As is usually the case with Lloyd Webber musicals, half the critics love it, half hate it, and the public is lining up for blocks to get in. Rahman is already getting offers to do scores for Hollywood films, and he seems well on the way to international stardom. But I cannot hope that the next step for him will be a return to—dare I say it—authentic Bollywood music. Does it make any sense at all to speak of purity when referring to commercialized filmi pop? Well, yes, according to my 10-year-old blond niece, who has now lost interest in the Spice Girls. She discovered Bollywood movies when she was living in Oxford, and now repeatedly plays the video-tapes so she can learn the dance steps and the Hindi words. In England, you can rent Bollywood movies at Blockbuster. And her reaction to Bombay Dreams was that the music was not Indian enough. I had to agree with her; without the rich palette of Indian acoustic sounds, or the distinctive Indian vocals, the score sometimes sounded like lamb curry without the curry.

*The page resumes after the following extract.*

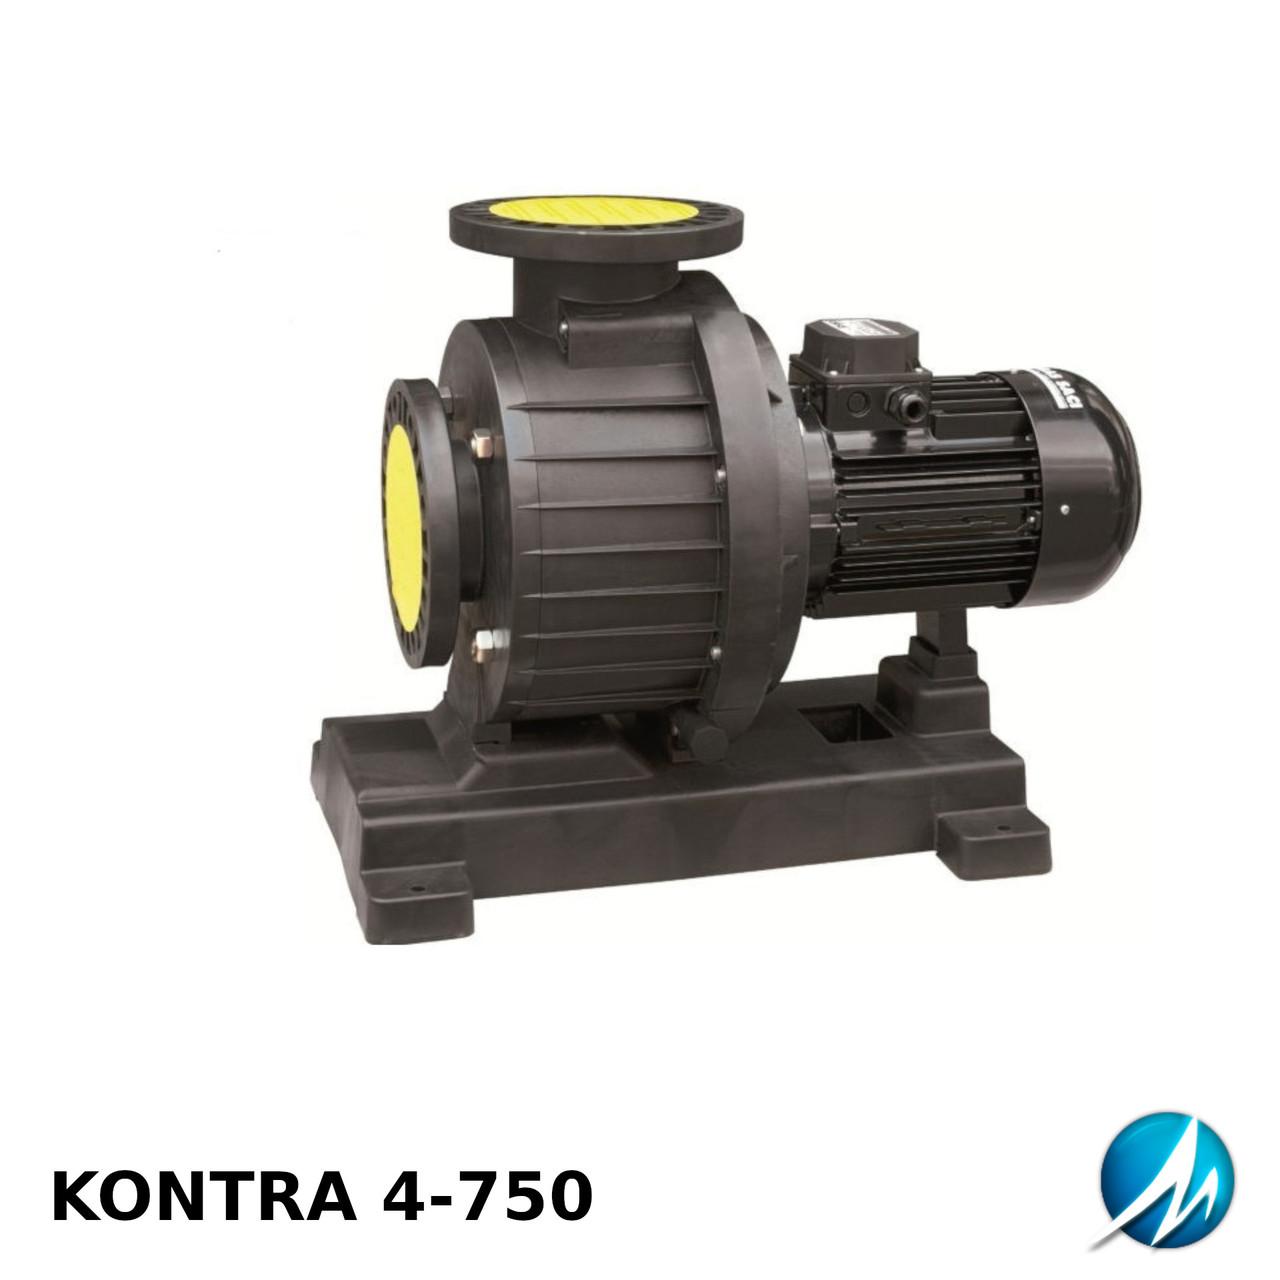 Насос Saci KONTRA 4-750 (400 В, 107.0 м3/год), без передфільтру

Rahman has shown that he can make Western music accessible to Indians. If he realizes that now he needs to lean in the other direction to maintain balance, he will almost certainly be equally successful in making Indian music accessible to Westerners.


Teed Rockwell has studied Indian classical music with Ali Akbar Khan and other great Indian musicians. He is the first person to play Hindustani music on the Touchstyle Fretboard.